Methods: ER alpha (ER alpha) and ER beta expressions in PMs were analyzed by RT-PCR and immunoblot. The PMs of endometriosis were exposed to increasing concentrations of ER beta agonist ERB-041 over a period from 0.5 to 8h before stimulation with LPS and the levels of iNOS protein were evaluated by immunoblot. Subsequently, the PMs were pretreated with vehicle, ERB-041 or ER alpha agonist PPT before exposing to LPS. iNOS expression, p65 protein and active extracellular signal-regulated kinases (ERKs) level accumulated in the nuclear were detected by immunoblot. For experiment investigating the role of ERKs in LPS-induced iNOS expression, the PMs were pretreated with U0126, a specific ERK inhibitor, for 60 min before LPS treatment and iNOS expression was detected by immunoblot.
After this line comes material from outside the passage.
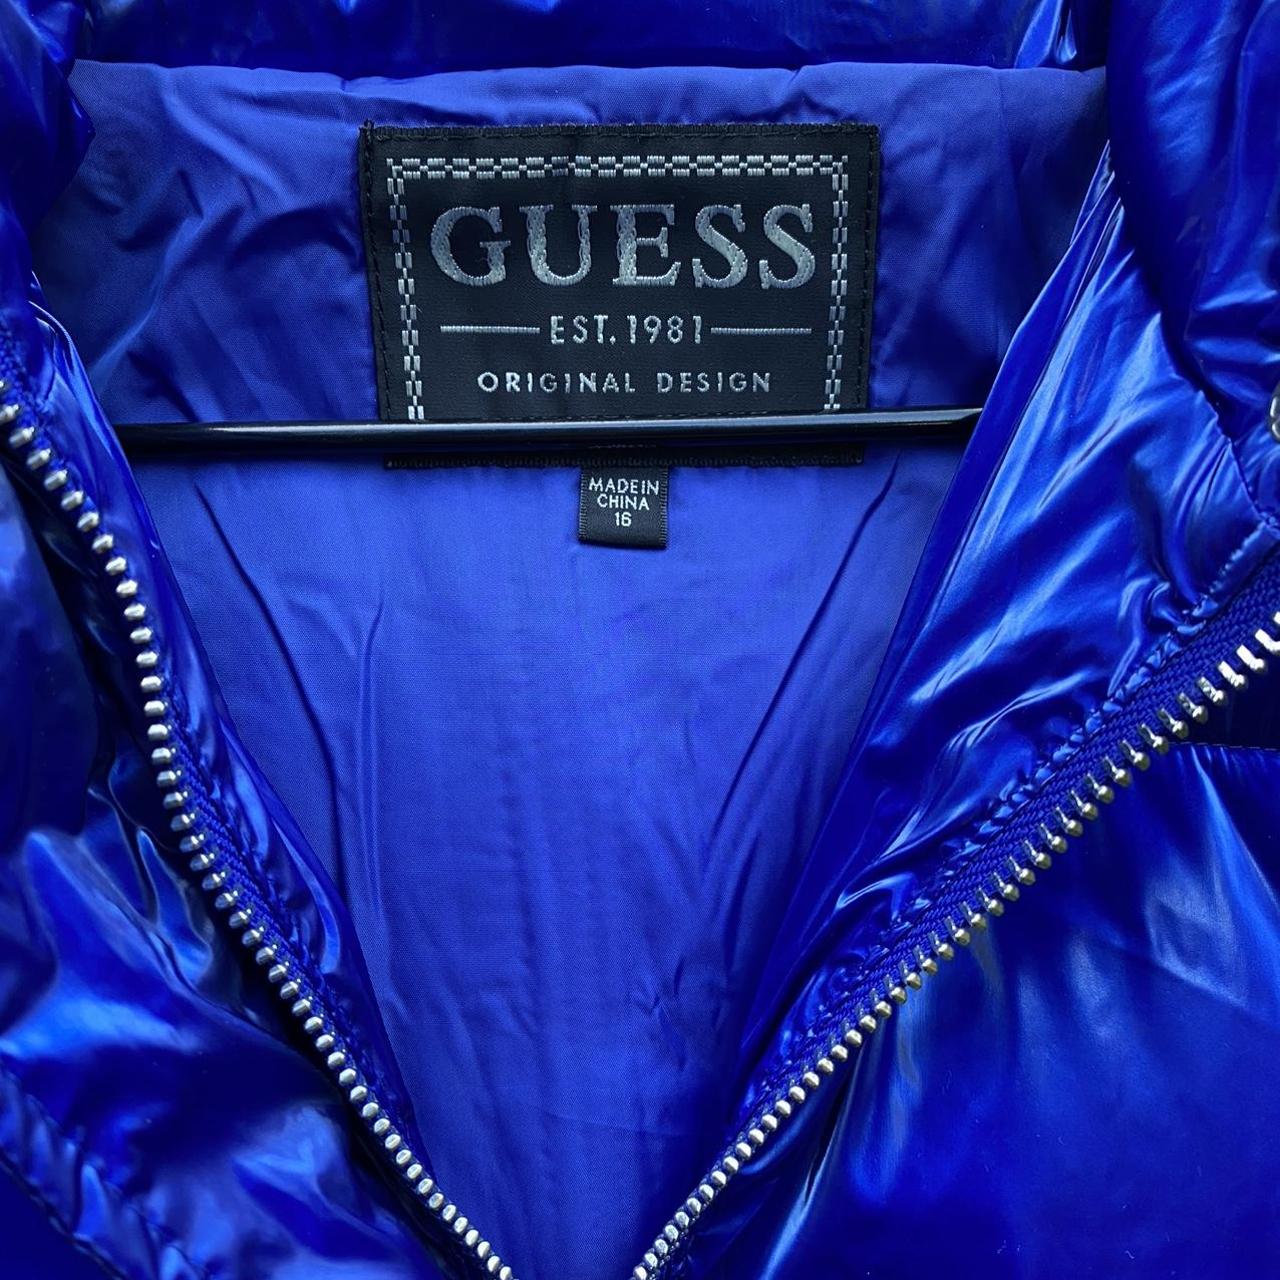 Guess Royal Blue Shiny Puffer Jacket Size Small (UK... - Depop

Results: The PMs of EMS expressed ER beta to a greater extent compared with normal women. Pretreatment the PMs with ERB-041 resulted in a significant inhibition of LPS-induced iNOS expression and NF-kappaB activation by preventing its nuclear translocation. The ERKs pathway was involved in the LPS-induced iNOS production and was not repressed by the activation of ERs.
Conclusion: The inhibitory effect of ER beta agonist on LPS-induced iNOS production in PMs of EMS is likely mediated via repressing of nuclear factor-kappa B (NF-kappaB) but not ERKs signaling pathways.